Death and taxes will catch up with u eventually. I have no marriage to management, but I think u have to try not to go tripping over $100 bills picking up pennies when analyzing this. Management is not perfect, and has made mistakes, but they've also grown the company over 1000% in the last 10 years. I'd bet the dividend far exceeds what most here paid for the stock. I'd be surprised if we don't see a refi of the debt.
I understand your comment, and tax concern. I've been long some shares since the 90's...but it just doesn't jive that they are not looking out for shareholders. Based on Yahoo Howard Lorber owns close to a million shares, an gets paid 616k. Why would he care about saving his 616k annual job when he holds $80 million in stock. Seems it would be in his best interest to maximize shareholder value. My best guess is they got buyout interest or hint of it, and got defensive. To the best of my knowledge the dividend will be taxed like a long term capital gain.... However, if the gain is "too big", it could thrust u into a new tax bracket.
Also, interesting to note are the major holders. Board member Howard Lorber holds close to a million shares. I don' t think he would want to shoot himself in the foot. It seems Mario Gabelli 's funds also hold as many shares as they can .
I'm trying to put myself in the board's shoes. In all likelyhood next quarter eps would be about the same as the last. That would put eps at or above $2.70. A p/e of 40 is conservative based on most other takeovers I've seen of late.

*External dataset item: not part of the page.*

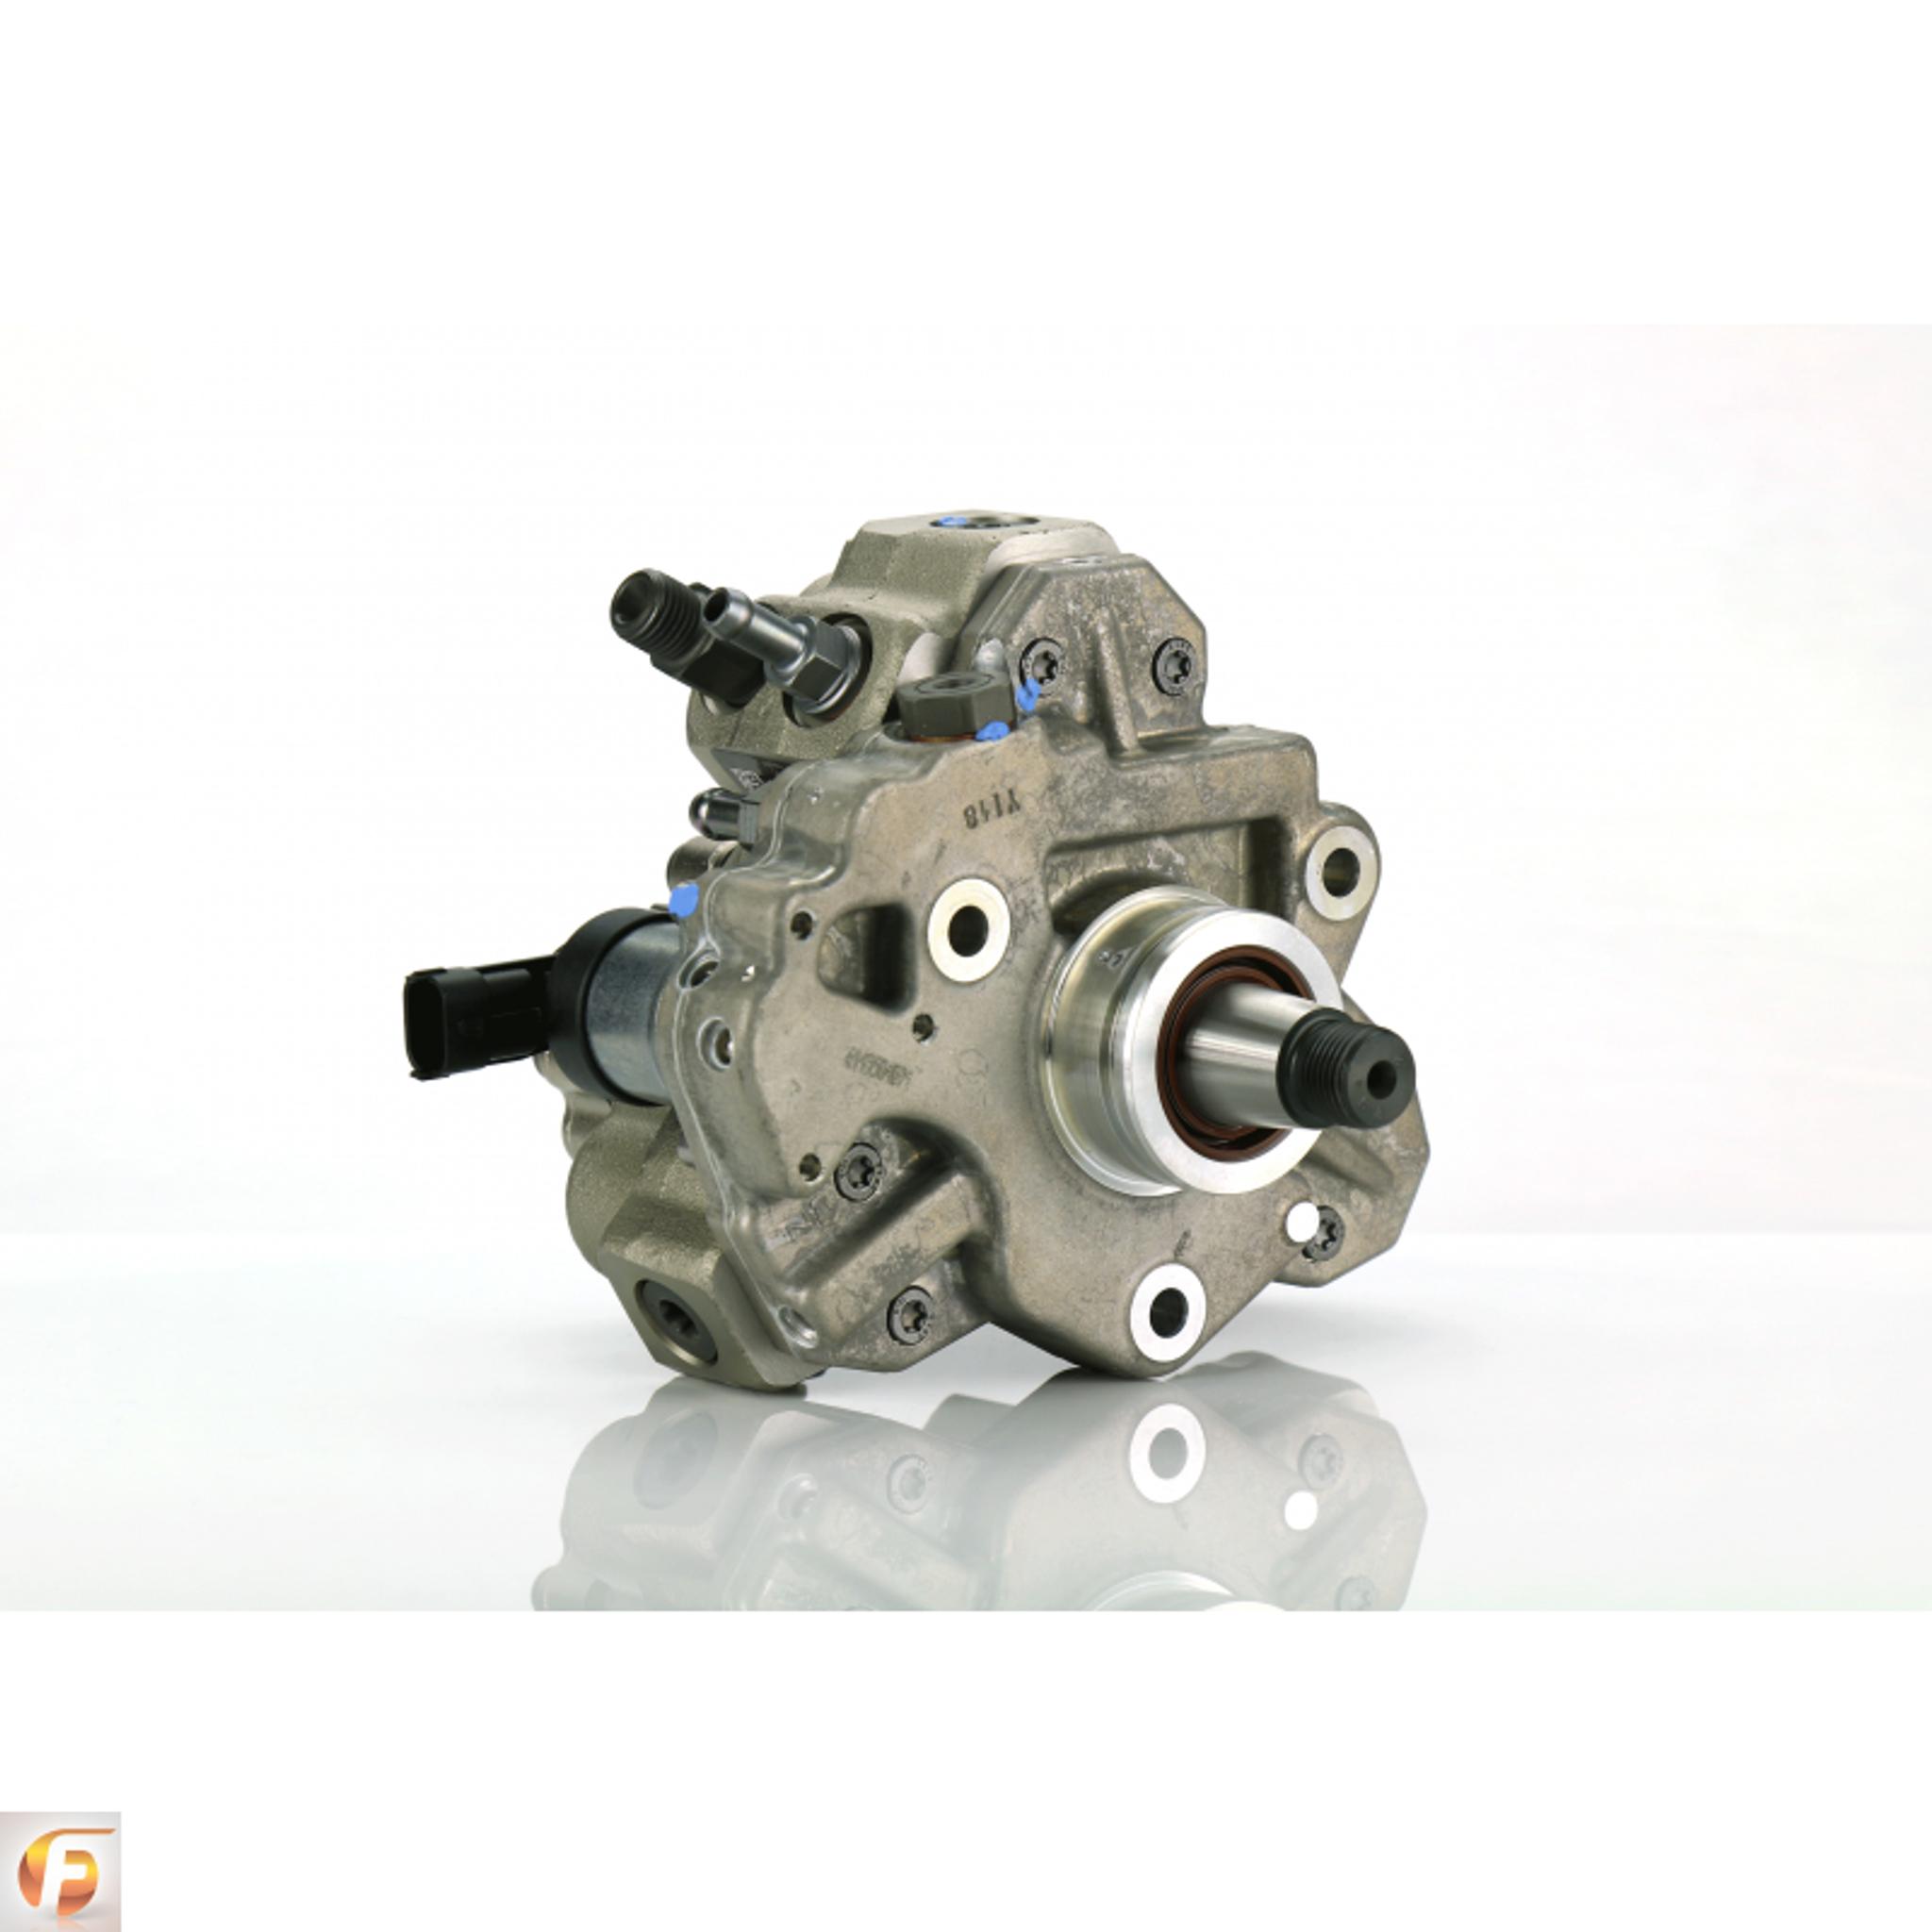 01-16 GM 2500-3500 Duramax FLEECE CP3K (LBZ/LMM Based)

That would put the price at $108. Add $9 - $10 in cash per share sitting on the balance sheet, and you're pushing $120 per share. How are u going to negotiate this when the market price is so low/undervalued?
I thought the steel partners exchange was weird when I read about it too, but never really understood it fully, and I'm not sure if it's relevant, or just a coincidence in timing. Re, the poison pill, I'm not sure u can just amend a poison pill that quickly, can u? Just seems more realistic that there was a private equity firm knocking at the door, and as a result urgent action was taken to prevent a buyout at what the board considered an unfair/undervalued price. I think they will refinance the debt sooner than later.
Thinking about this a little more, and it could also be a defensive measure by the board. Maybe someone knocked on their door and offered $110 per share. If you back out the cash, and factor in next quarters expected eps, that would put the p/e in the mid 30's. The current poison pill price is $100. They may have issued the debt in a panic to prevent a takeover figuring they could easily refinance with a bank at a much lower rate later given a reasonable amount of time. After a big dividend the $100 poison pill will be more potent.